■ What is expected: Transcribe all the data below exactly, leaving its pictures out.

■ Input data:
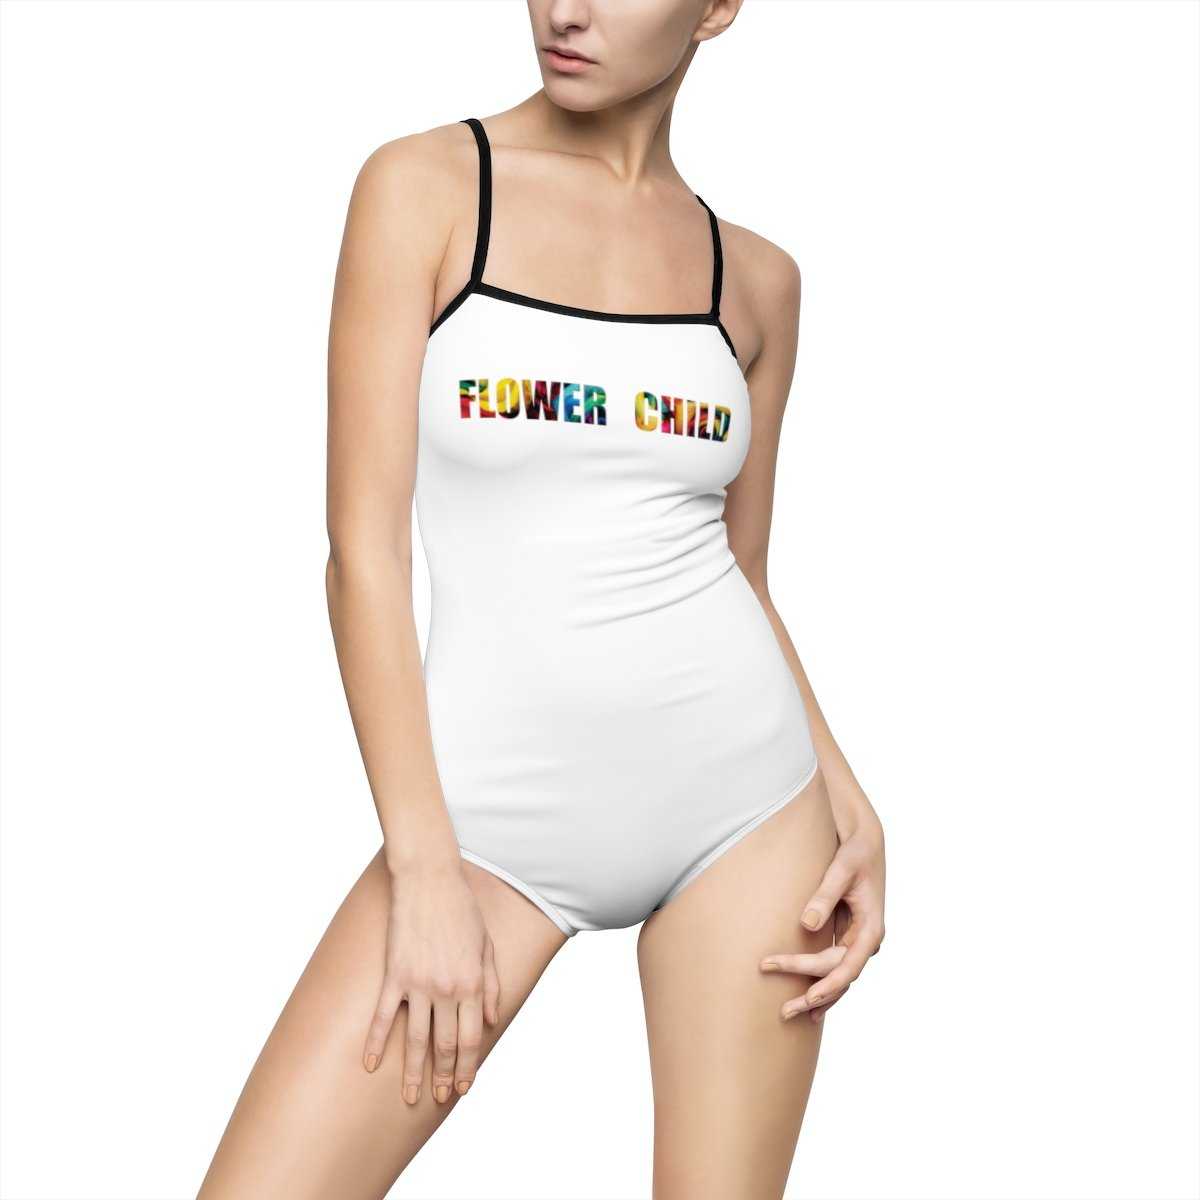 Flower Child One Piece Swimsuit - Floral - shopcontrabrands.com
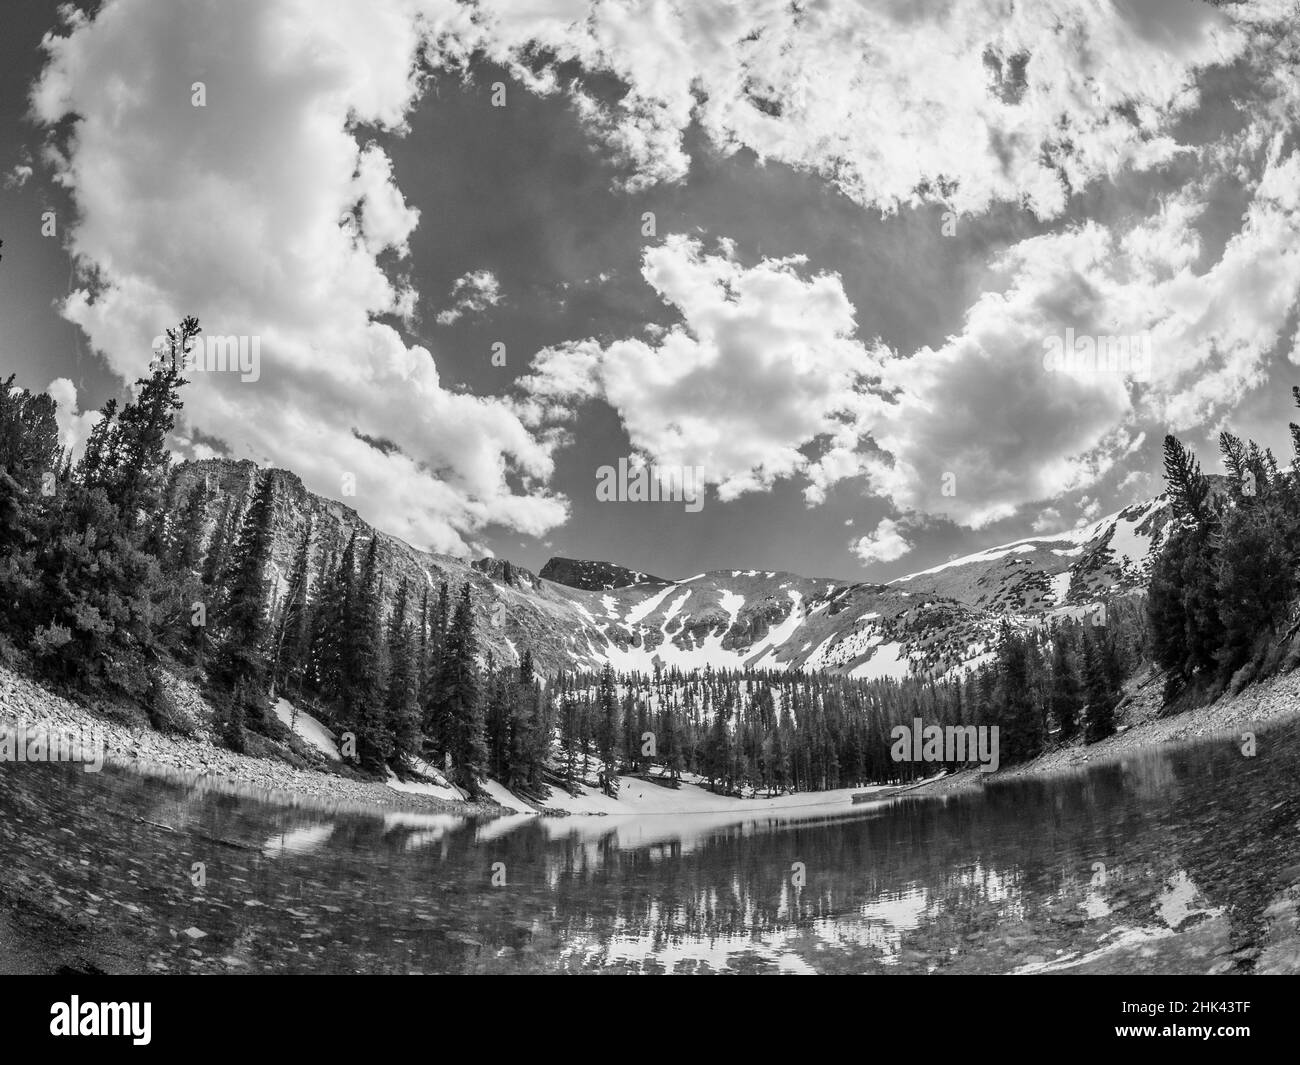 Stella Lake, Wheeler Peak, parc national de Great Basin à 10,000 mètres, après la fin de Wheeler Peak Scenic Drive, Nevada Banque D'Images
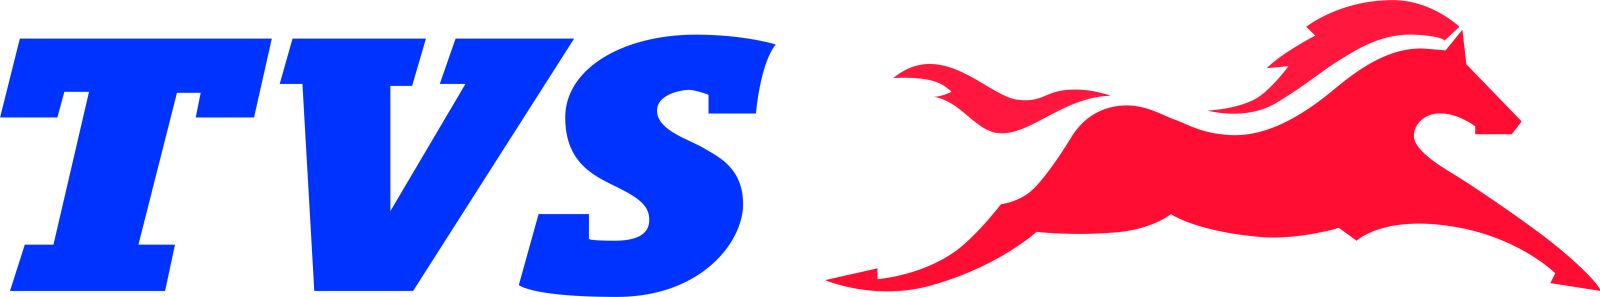 TVS-Motor-Company-Logo

■ Answer space:
 Flower Child One Piece Swimsuit - Floral - shopcontrabrands.com
 Stella Lake, Wheeler Peak, parc national de Great Basin à 10,000 mètres, après la fin de Wheeler Peak Scenic Drive, Nevada Banque D'Images
 TVS-Motor-Company-Logo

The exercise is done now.